Pour des millions de Nigérians de l’État rural de Kaduna, se rendre au marché alimentaire en plein air permet un accès facile et bon marché aux denrées de base du régime traditionnel. Lors d’une semaine normale, des dizaines de paniers en osier débordent de tomates mûres, ingrédient essentiel aux riches ragoûts très appréciés par la population locale. Pourtant, au cours de l’été, les habitués des marchés ont été consternés de voir la montée en flèche du prix d’un fruit considéré comme une nécessité nationale. Après qu’une épidémie de lépidoptère ait ravagé près de 80% des cultures de tomates de la région en mai, le prix d’un panier est passé de 1,20 à plus de 40 dollars, et les autorités de Kaduna ont été contraintes de déclarer un état d’urgence.
«La crise de la tomate» de Kaduna fait partie d’un fléchissement national dans la production alimentaire qui inquiète les experts de la sécurité alimentaire au Nigeria.
Dans le but de minimiser les pertes après la récolte, les entreprises commencent à développer de nouvelles technologies afin d’aider les agriculteurs. Pour l’un de ces entrepreneurs, les causes des pertes après la récolte sont évidentes. «La majorité du gaspillage commence dans les exploitations parce que les agriculteurs ne reçoivent pas la visite de camions de livraison tous les jours», indique Nnaemeka Ikegwuonu, directeur général de Cold Hubs.
En 2011, le Programme alimentaire mondial de l’ONU estimait que les pertes annuelles de produits alimentaires en Afrique subsaharienne dépassaient 30% de la production agricole totale et coûtaient quelque 4 milliards de dollars aux agriculteurs chaque année.
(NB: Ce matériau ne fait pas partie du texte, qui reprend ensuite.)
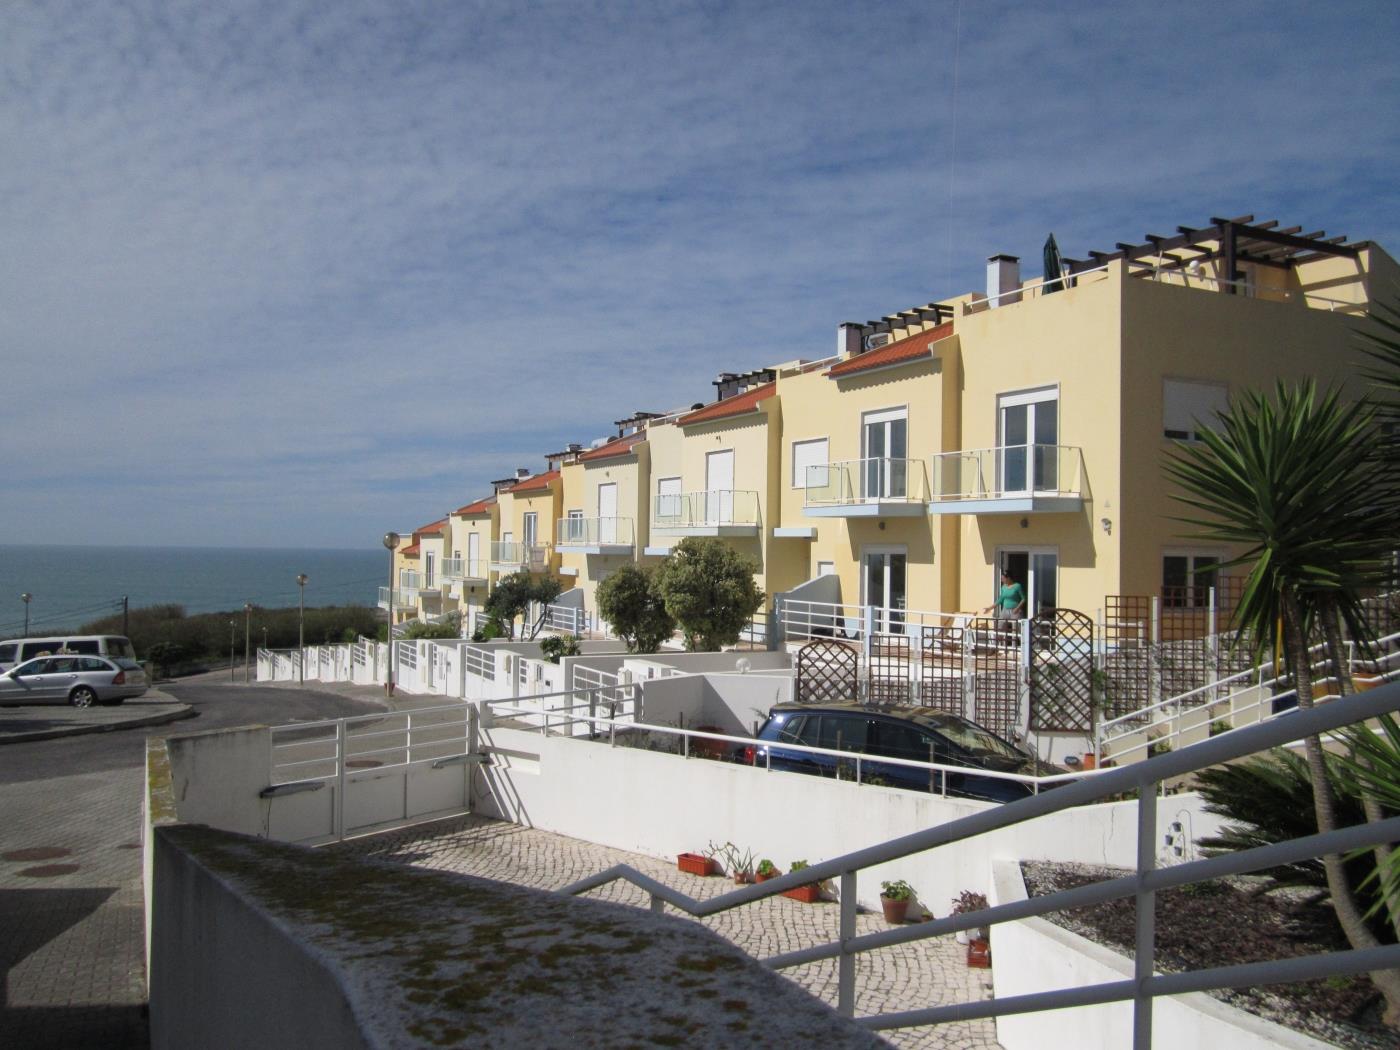 Casa Elsa's Seaside Terrace in Atalaia

Cold Hubs propose une solution simple. L’entreprise installe des chambres froides près des fermes et des marchés dans le but de préserver les denrées lors de la période déterminante avant qu’ils n’aboutissent dans les mains du consommateur. Les tomates qui auraient pourri sur le lieu de production sont rapidement expédiées vers une unité réfrigérée voisine, pour laquelle les agriculteurs doivent verser environ 50 ¢ par caisse et par jour de réfrigération. C’est un modèle de paiement à la carte qui permet aux agriculteurs d’éviter les contrats d’entreposage coûteux, dont les prix élevés ne tiennent pas compte du type de production. Encore plus pratique dans un pays où on estime que 95 millions de personnes n’ont pas accès à l’électricité, cette réfrigération fonctionne entièrement à l’énergie solaire. Que les unités soient installées dans des villages ruraux isolés ou sur des marchés urbains animés, on peut recueillir l’énergie du soleil pour conserver plutôt que pour gâcher les produits. Il s’agit d’un modèle abordable et respectueux de l’environnement, libéré des infrastructures coûteuses, dont l’entreprise estime qu’il pourrait être rapidement déployé sur tout le continent, en commençant par une poursuite de son expansion au Nigeria, et par un système de franchises au Kenya. «Nous voulons installer 1.000 réfrigérateurs au Nigeria dans cinq ans, et à l’avenir, il pourrait y avoir 1 million d’unités partout en Afrique», affirme Ikegwuonu.  «Nous sommes très ambitieux car il existe beaucoup de débouchés: les chambres froides peuvent servir pour les écoles, les hôpitaux, les aéroports, partout où l’on a besoin de conserver des aliments».